TVTOGEL — Ketergantungan Indonesia pada impor biji kakao semakin meningkat. Data Badan Pusat Statistik (BPS) menunjukkan bahwa pada tahun 2024, Indonesia mengimpor 157.000 ton biji kakao, dengan volume yang terus meningkat dalam lima tahun terakhir. Kondisi ini menjadi perhatian bagi Kementerian Koordinator Bidang Pangan (Kemenko Pangan), yang menyoroti penurunan produktivitas kakao lokal yang menyebabkan kekurangan bahan baku untuk industri pengolahan kakao dalam negeri.
Menurut Widiastuti, Deputi Bidang Koordinasi Usaha Pangan dan Pertanian Kemenko Pangan, penurunan produksi kakao di Indonesia mengharuskan negara ini untuk bergantung pada impor biji kakao untuk memenuhi kebutuhan industri pengolahan domestik.
Sementara itu, Yakub Ginting, Ketua Tim Kerja Perkebunan dan Tanaman Semusim Lainnya dari Kementerian Pertanian (Kementan), menjelaskan bahwa mayoritas biji kakao yang diimpor adalah jenis kakao fermentasi yang sangat dibutuhkan oleh industri pengolahan di Indonesia. Ia menambahkan bahwa meskipun ada regulasi mengenai mutu biji kakao terfermentasi yang berlaku sejak 2014, penerapan aturan tersebut di lapangan masih kurang efektif. Salah satu faktor utama adalah rendahnya harga jual biji kakao fermentasi yang ditawarkan kepada petani, sehingga banyak petani enggan untuk melakukan fermentasi yang memerlukan waktu hingga 5-6 hari.
Ginting juga menjelaskan bahwa sebagian besar petani kakao merasa keberatan untuk melanjutkan proses fermentasi karena tidak sesuai dengan harga yang diterima. “Kami diminta untuk melakukan fermentasi, namun harga yang diberikan tidak sesuai dengan upaya yang dikeluarkan,” ungkap Ginting.
Masalah ini semakin diperparah dengan kurangnya dukungan yang maksimal dari berbagai pihak, baik itu pemerintah, industri, maupun pihak terkait lainnya. Menurut Ginting, meskipun potensi kakao fermentasi di dalam negeri sangat besar, tanpa adanya kolaborasi yang lebih kuat, kakao fermentasi sulit berkembang.
Untuk mengatasi permasalahan ini, Kementerian Pertanian telah merencanakan program peremajaan (replanting) tanaman kakao. Langkah ini merupakan upaya strategis untuk meningkatkan kualitas dan kuantitas produksi kakao dalam negeri. Dalam program tersebut, Kementerian Pertanian mengalokasikan dana yang bersumber dari Anggaran Pendapatan dan Belanja Negara (APBN) untuk merevitalisasi tanaman kakao yang rusak.
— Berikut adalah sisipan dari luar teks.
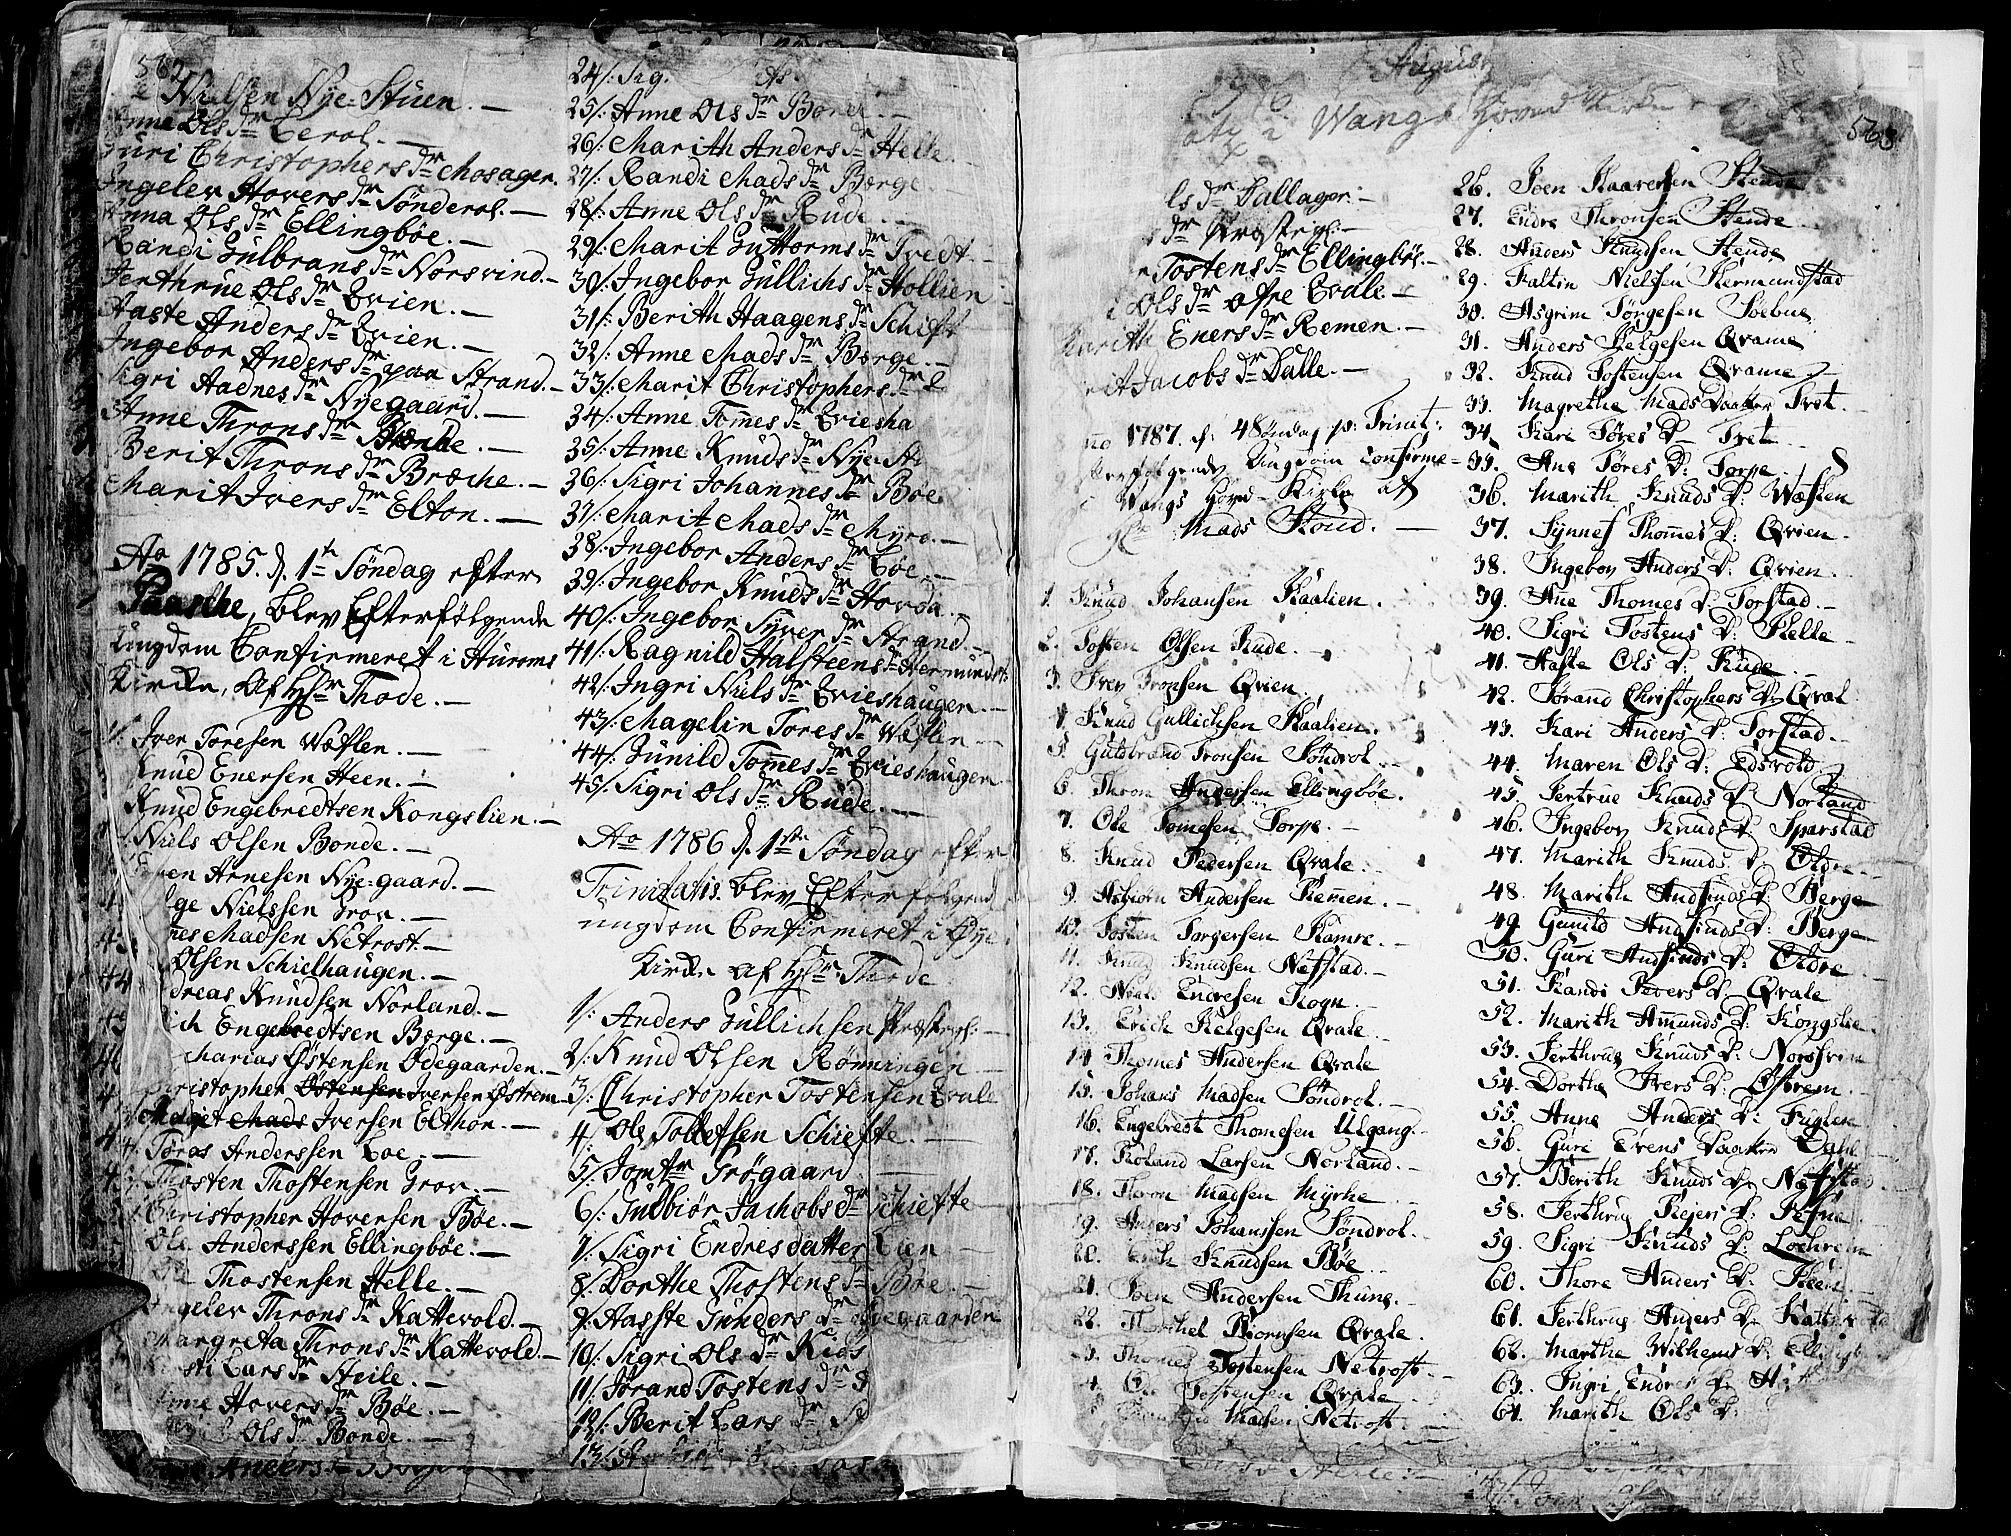 SAH, Vang prestekontor, Valdres, Ministerialbok nr. 1, 1730-1796, s. 562-563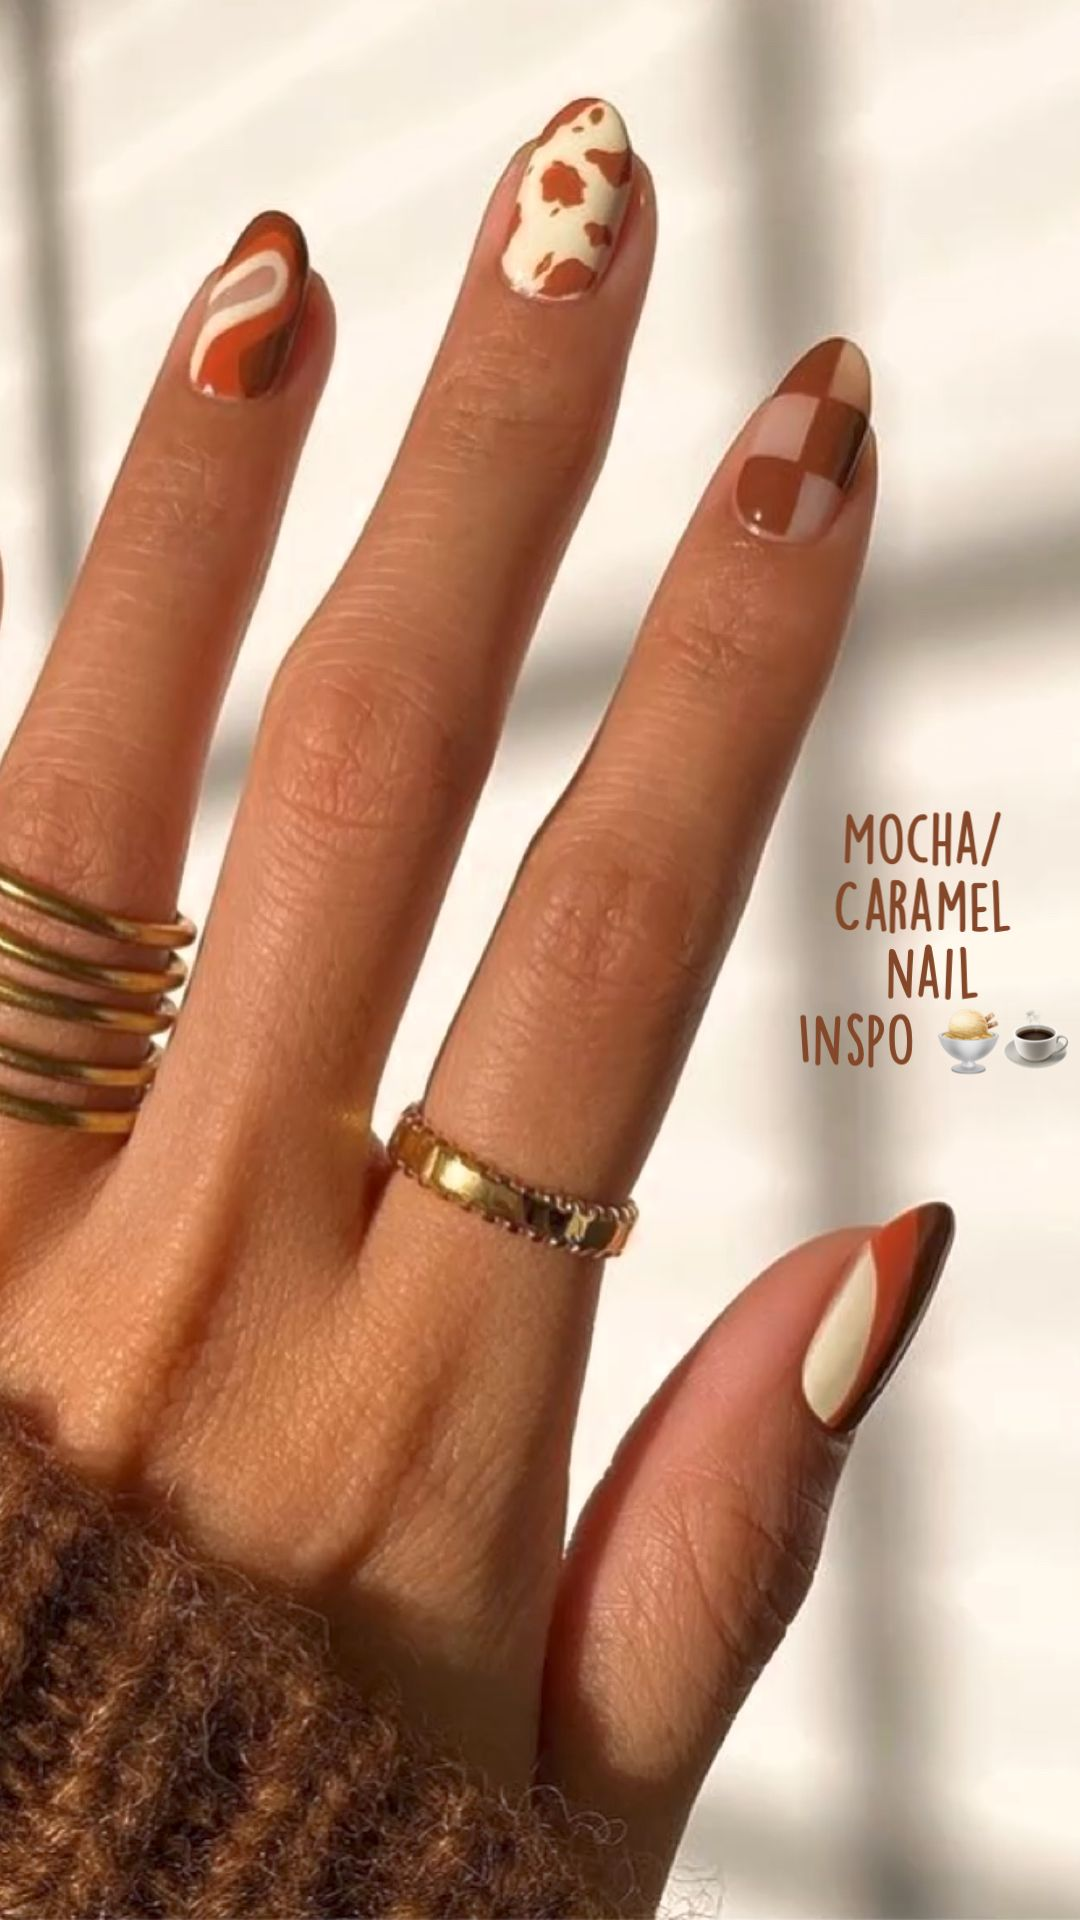 Mocha/ Caramel  nail  Inspo 🍨☕️

Sebagai bagian dari program ini, pemerintah menargetkan peremajaan kakao seluas 248.500 hektare pada tahun 2027.
Selain itu, Kementerian Pertanian juga akan mempercepat proses hilirisasi kakao, yang merupakan upaya untuk memberikan nilai tambah pada produk kakao Indonesia. Dengan hilirisasi yang baik, kakao yang dihasilkan tidak hanya memenuhi kebutuhan pasar domestik, tetapi juga berpotensi untuk diekspor ke pasar internasional.
Ginting menekankan pentingnya kolaborasi antara pemerintah, industri, dan daerah untuk meningkatkan mutu kakao lokal. “Tanpa kolaborasi yang solid antara semua pihak, sulit bagi kakao fermentasi untuk berkembang dan bersaing di pasar,” tambahnya.
Untuk memastikan kelancaran program peremajaan dan hilirisasi, Kementan juga mempersiapkan pendanaan tambahan dari Badan Pengelola Dana Perkebunan (BPDP). Langkah-langkah strategis ini diharapkan dapat mengurangi ketergantungan Indonesia terhadap impor biji kakao dan memperbaiki kondisi sektor perkebunan kakao nasional.
Dengan adanya dukungan yang lebih besar dari pemerintah, diharapkan sektor perkebunan kakao dalam negeri akan semakin kuat dan mampu bersaing dengan kakao impor yang lebih murah. Melalui peremajaan tanaman kakao dan program hilirisasi, Indonesia dapat meningkatkan kualitas kakao lokal, yang pada gilirannya akan berdampak positif terhadap perekonomian petani dan industri pengolahan kakao di tanah air.